I can’t put my finger on exactly why, but it probably has something to do with the lovely, simple words and melody. “Silent Night” is sung slowly, with feeling, best done in a dim sanctuary with a lighted candle in hand. There is something about the song that invokes the bittersweetness of the season – of joy and sorrow, things present and things past, of people cherished and people mourned.
I remember the first time I ever cried over “Silent Night.” I was a teenager, a member of the church youth group in my small southern hometown. On the Sunday night before Christmas, it was tradition for us to go caroling about the community. Some of us could sing and some couldn’t, but we all made a joyful noise, and when we finished our rounds and went back to the church for brownies and hot chocolate, we were richly warmed with the spirit of the season.
This one Christmas I remember so vividly, my grandmother, my beloved Mama Cooper, was on our caroling list. She had been down with a cold and unable to attend services that weekend, so we showed up on her doorstep Sunday night. She bundled herself in scarf and overcoat and stood in her open doorway while we sang a carol. And then she requested “Silent Night.”
As we began to sing, I looked into Mama Cooper’s aging face and confronted, for the very first time, her mortality. She was a powerfully sweet influence on my young life – mentor, cheerleader, protector, confidant, friend – all those things only a grandmother can be. I suppose I had assumed she would always be there. But in that instant I realized she wouldn’t, and I was devastated. So I stood there on the back row with tears rolling down my cheeks, my voice caught in my throat, and – purely and simply – grieved.

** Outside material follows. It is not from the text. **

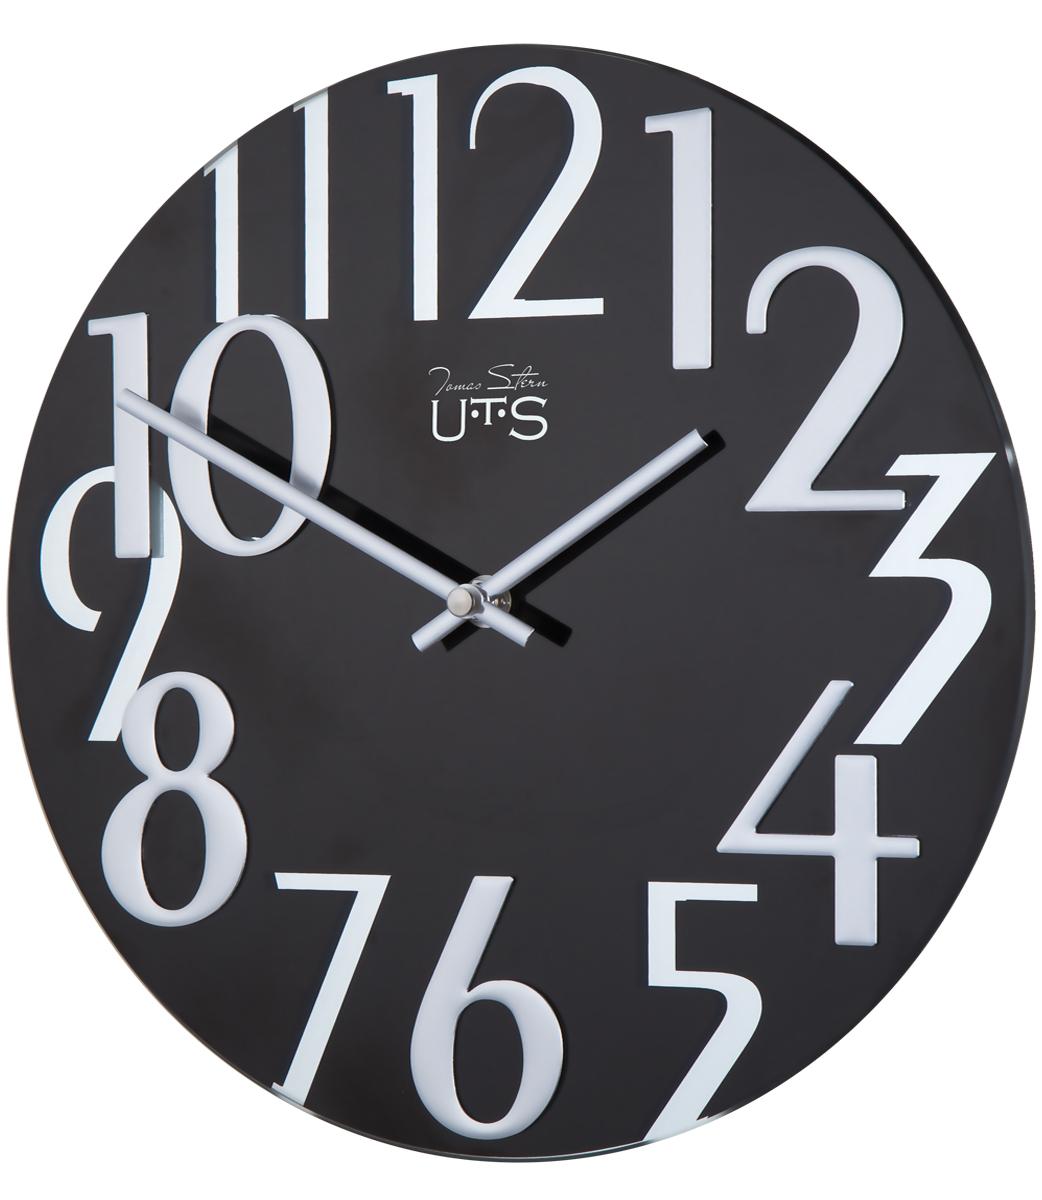 Часы настенные Часы настенные Tomas Stern 8015 chasy-nastennye-tomas-stern-8015-germaniya.jpg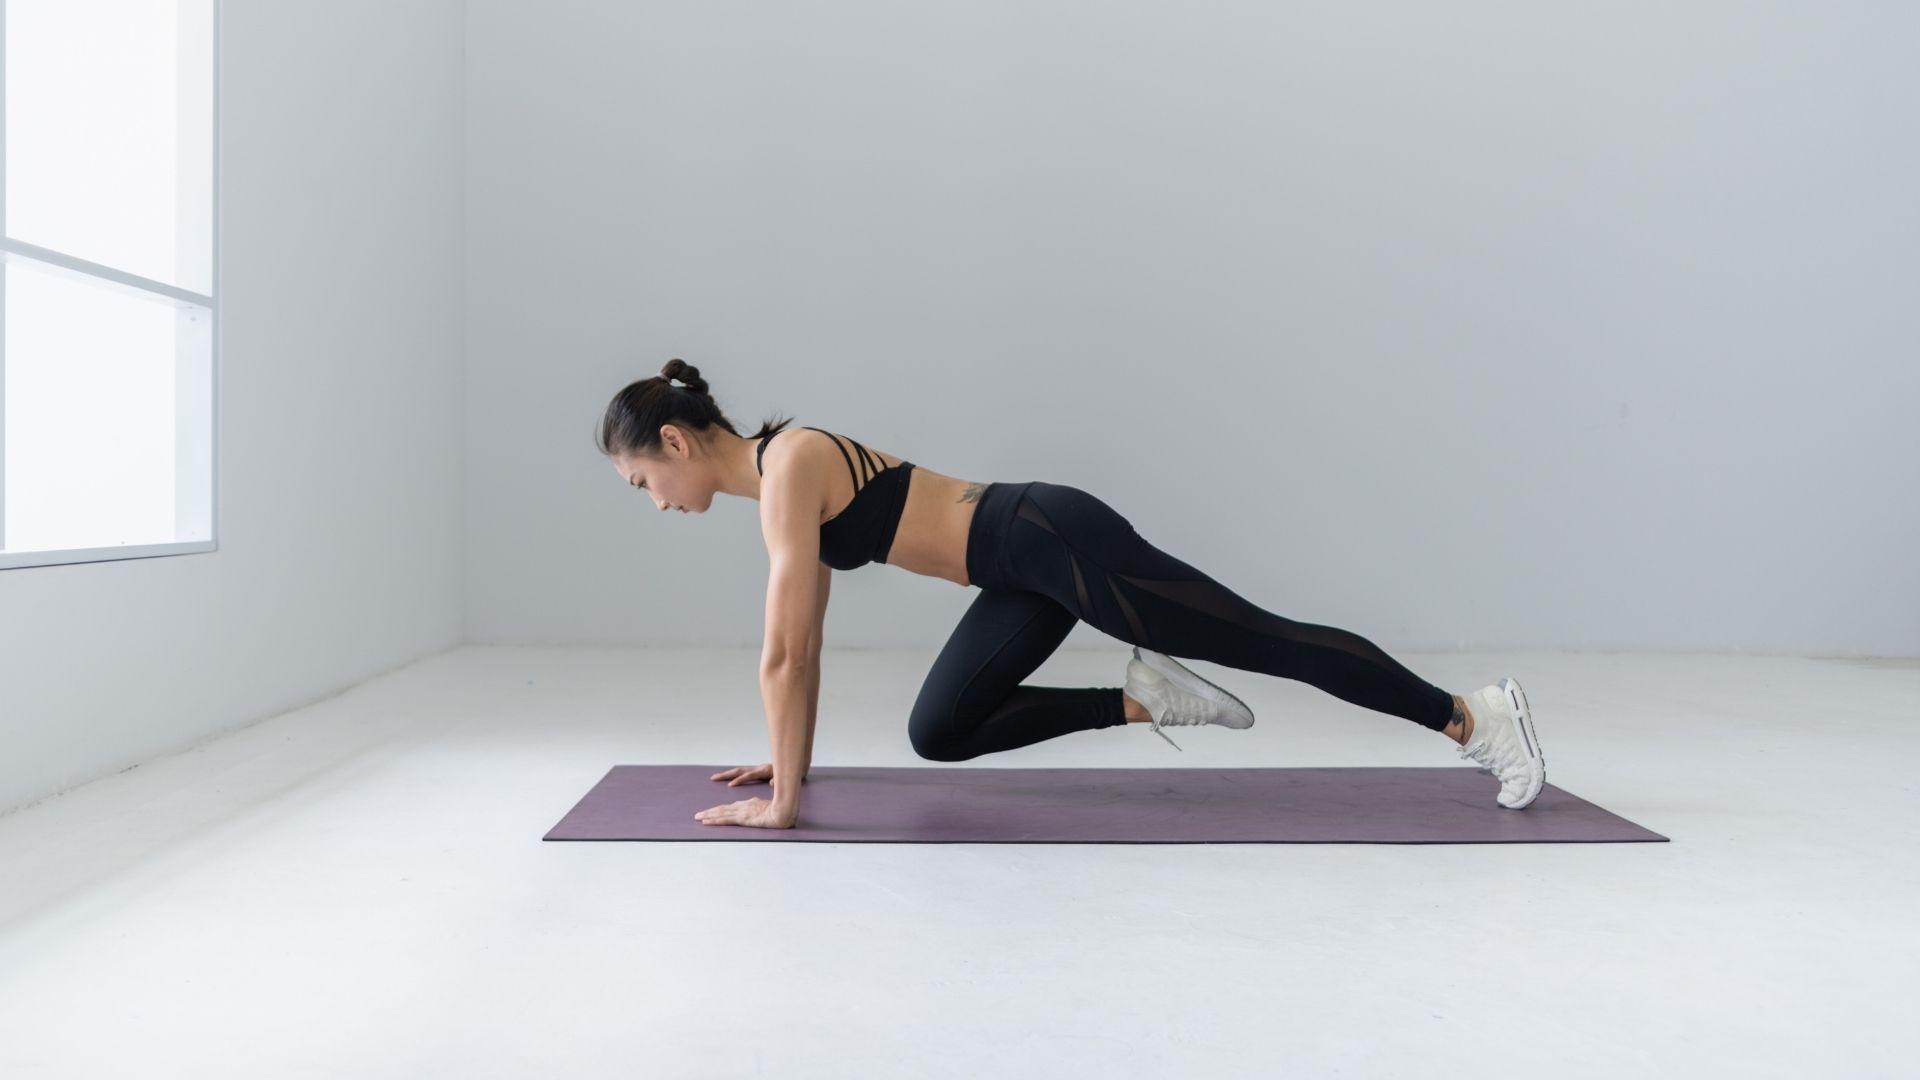 01 Bodyweight Training

Mama Cooper lived for another thirty years or so, and I had the continued blessing of her companionship right up to the end. I know I appreciated her even more after that December Sunday night when I was a mere, half-formed lad. At her funeral, when her other grandsons and I bore her to her gravesite, I silently sang “Silent Night.” And I cried, not so much because she was gone, but because of what she had left in my heart.
I think it’s perfectly okay for a guy to cry. Some think not and make a superhuman effort not to. But I believe allowing yourself to cry is an act of courage: admitting that you have the capacity to be deeply affected by something or someone, to be vulnerable to the whole range of human emotions. Tears are worth shedding for all sorts of reasons, many of them perfectly happy ones. During these holidays, we cry because of the people we miss and we shed tears of joy for those we cling to. We cry over precious memories and over the gift of days to come when can say the things we need to say, do the things we need to do, for those who are still with us.
I try to take a moment during the week before each Christmas, right by myself, to light a candle in a darkened room and sing “Silent Night.” I launch out bravely, but there’s no way I’ll get all the way through. No matter. It’s a special thing to take into the new year.